> DATASET EXCERPT
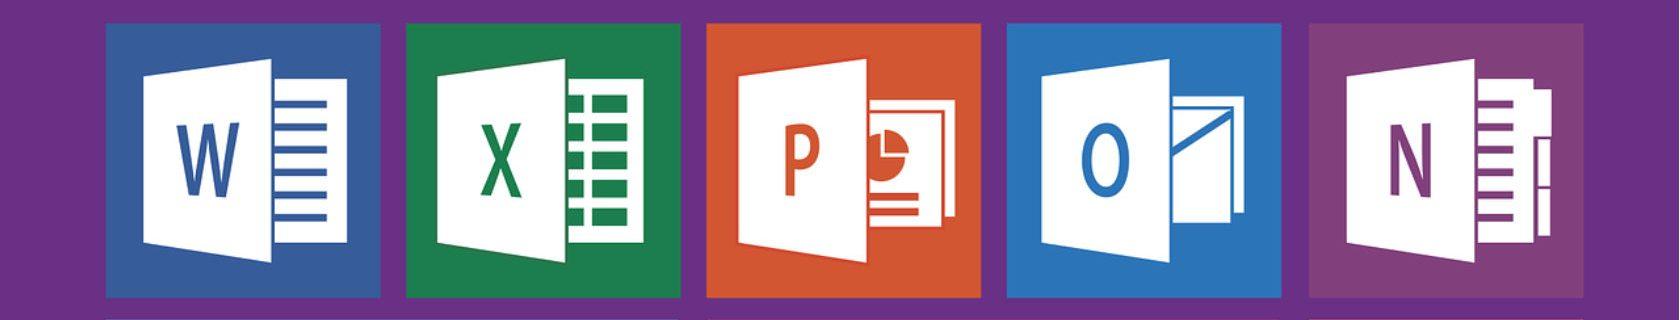 Inhaltsverzeichnis erstellen mit Microsoft Word
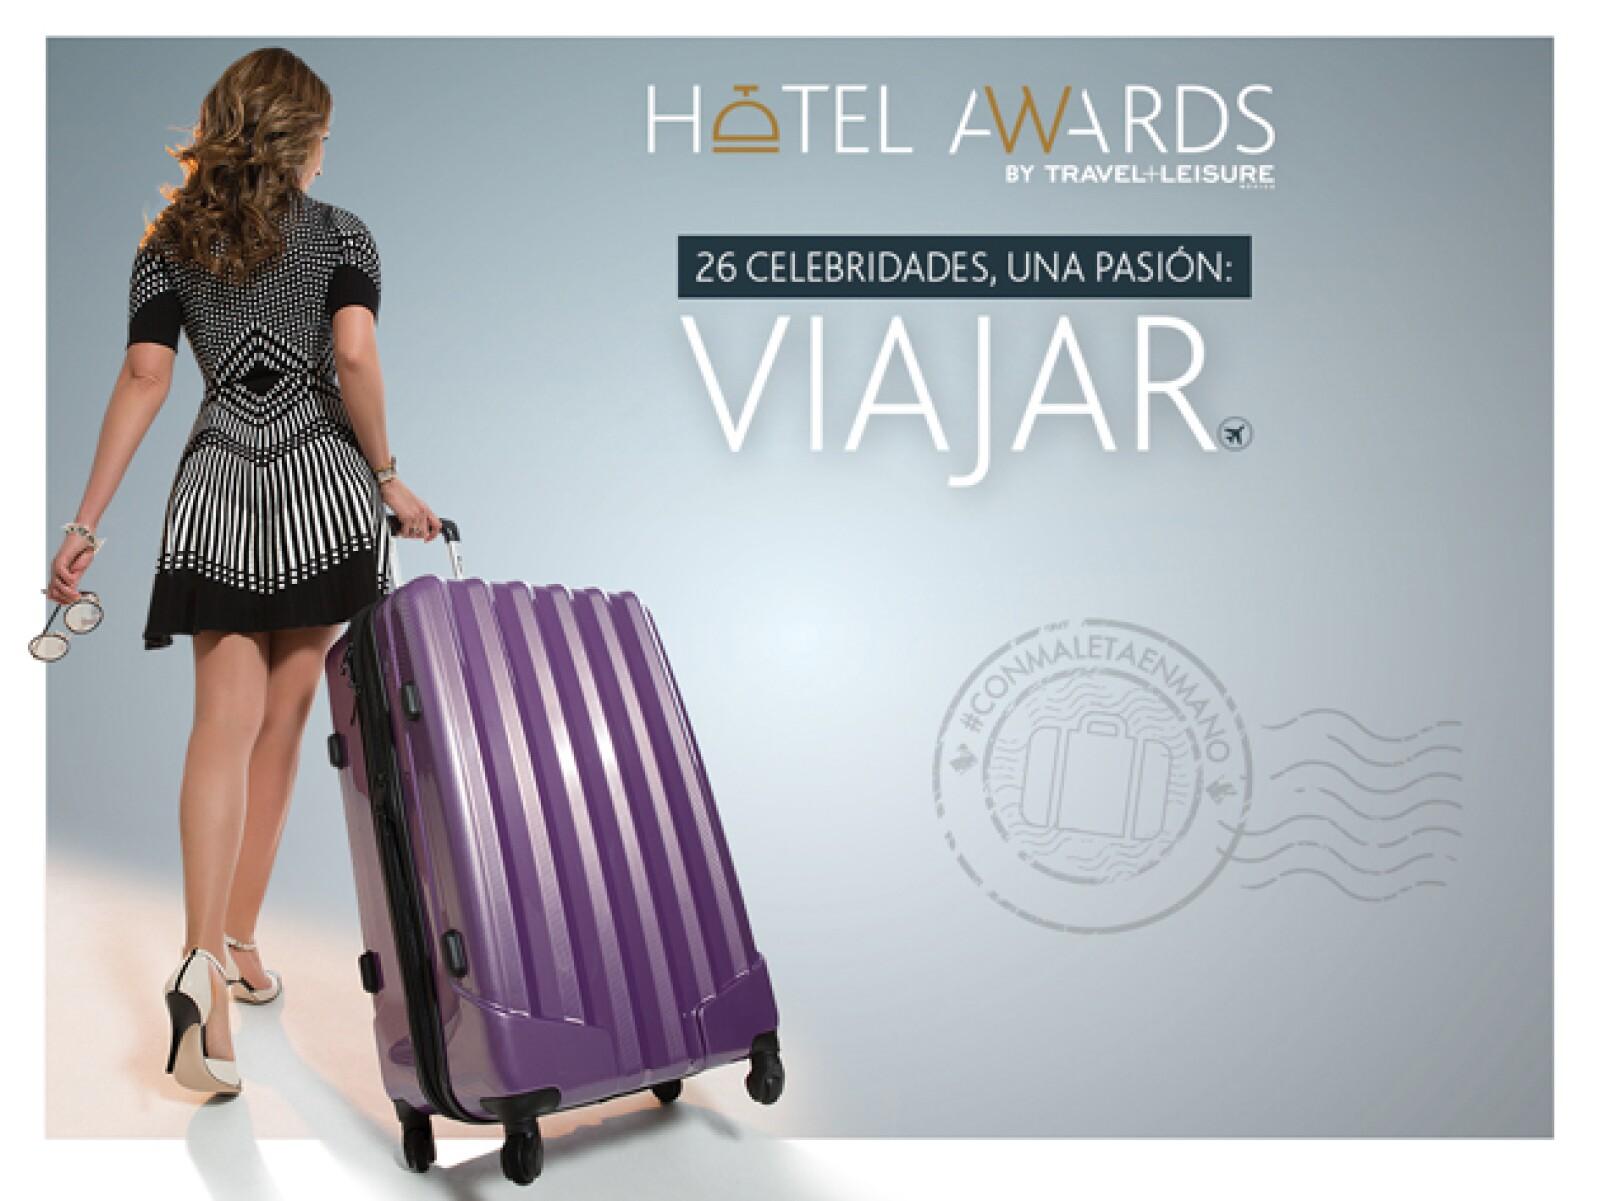 Su Bucket List incluye los mejores destinos de México. #ConMaletaEnMano
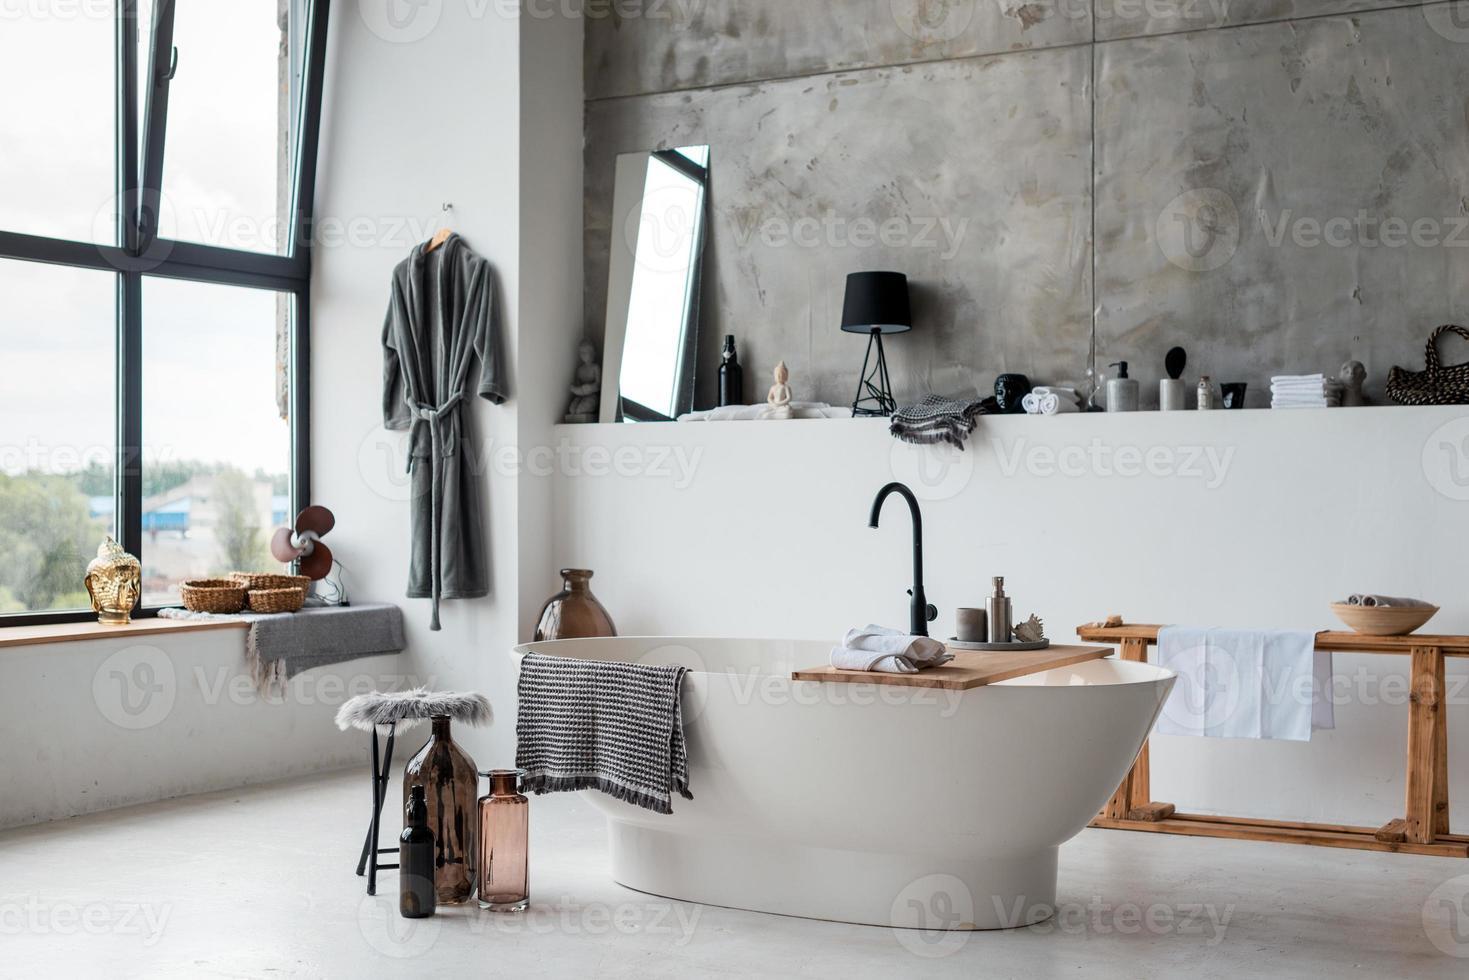 interior de banheiro elegante, móveis elegantes, encanamento e acessórios foto

> WHAT IS BEING ASKED
The whole listing above, line by line, needs to be copied exactly, except for any images.

> YOUR SOLUTION
 Inhaltsverzeichnis erstellen mit Microsoft Word
 Su Bucket List incluye los mejores destinos de México. #ConMaletaEnMano
 interior de banheiro elegante, móveis elegantes, encanamento e acessórios foto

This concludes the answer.